New England Legal Foundation
- Company type: 501(c)(3)
- Founded: 1977
- Headquarters: 333 Washington Street, Suite 850 Boston, Massachusetts
- Area served: New England
- Website: newenglandlegal.org

= New England Legal Foundation =

Legal advocacy organization

The New England Legal Foundation (NELF) is an American not-for-profit legal foundation. NELF states that it challenges intrusions by governments and special interest groups which would interfere with the economic freedoms of U.S. citizens and business enterprises in New England and the nation. According to its website, its ongoing mission is to "champion individual economic liberties, traditional property rights, properly limited government, and balanced economic growth throughout the six state New England region."

==Mission==
The foundation's stated mission is "promoting public discourse on the proper role of free enterprise in American society and advancing free enterprise principles in the courtroom." The New England Legal Foundation is, as the name implies, a non-profit public interest law firm in New England whose purpose is to address policy and constitutional concerns related to free enterprise. Its mission is promoting public discourse on the proper role of free enterprise in our society and advancing free enterprise principles in the courtroom. NELF identifies as non-partisan, and is based on the premise that "while the free market should not be left entirely unregulated, it usually provides the greatest opportunity for the greatest number when left free from unwarranted intrusion."

NELF does not charge attorney's fees for its legal services. Its operating funds are provided through tax-deductible contributions made by individuals, businesses, law firms, and private charitable foundations who believe in NELF's mission.

==Cases==
NELF states that it handles "precedent setting cases that involve business, financial and economic issues. The most common subject areas on its docket are government regulation, property rights, taxation and employment law." NELF challenges what it believes are "unwarranted government intrusion on the free market by seeking redress in the courts."
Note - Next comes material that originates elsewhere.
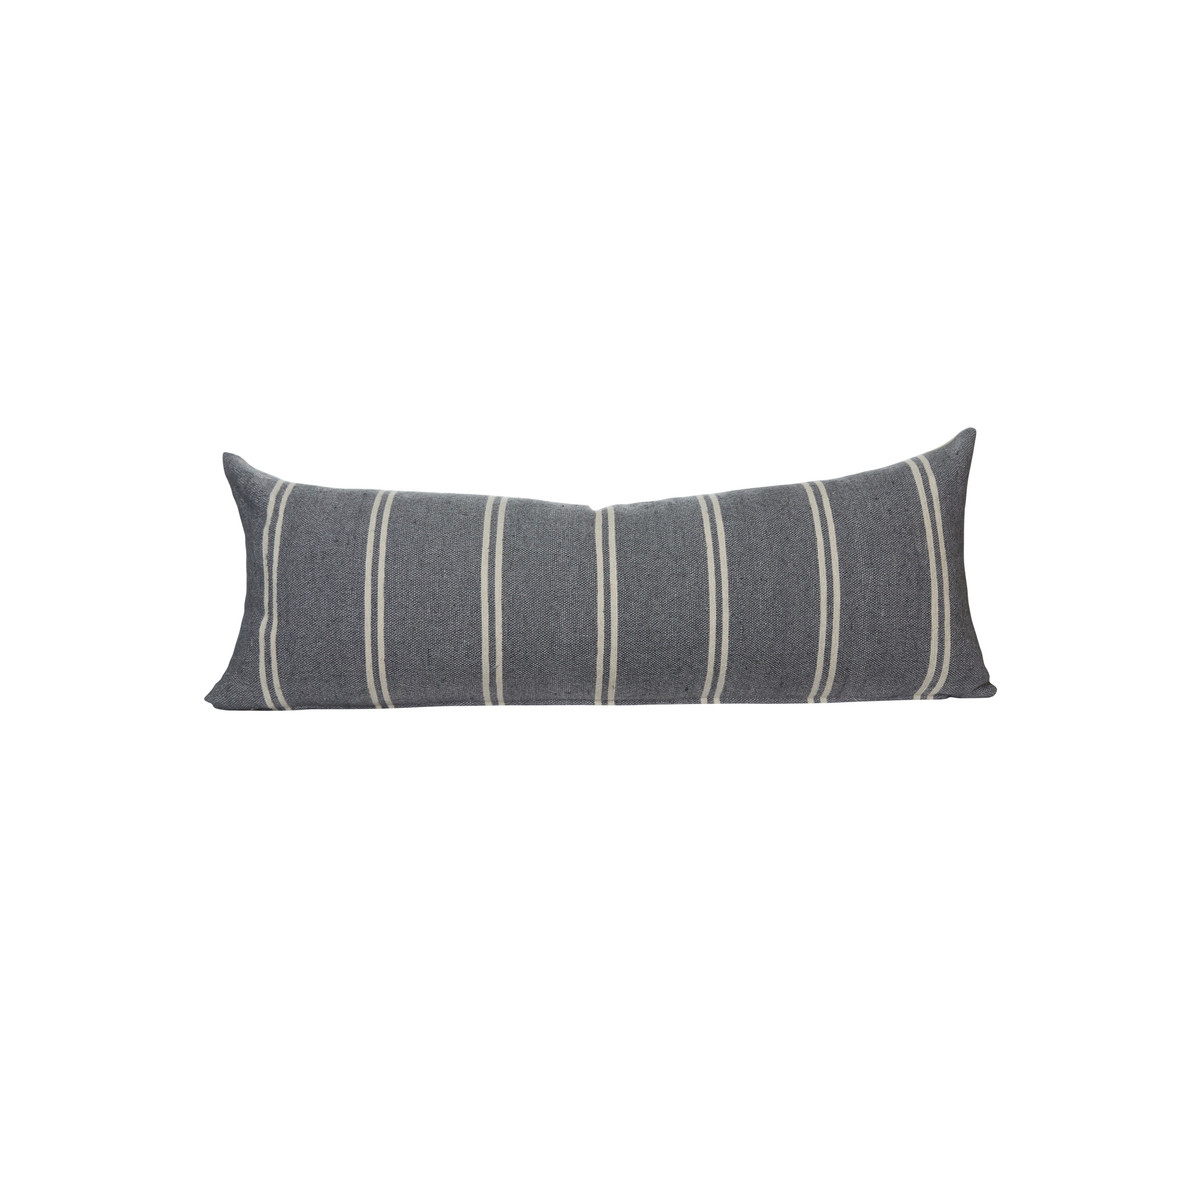 French Gray Capri Stripe  14 x 36 Decorative Lumbar - Front

NELF states that it deals with cases that involve economic or commercial questions, and does not become involved in social issues. It selects cases based on their likelihood of creating precedent that will have policy and/or constitutional impact for the business community and society as a whole. NELF states that it selects cases in which it can "make policy, legislative history or empirical arguments which are not featured, or at least not emphasized, in the parties' briefs."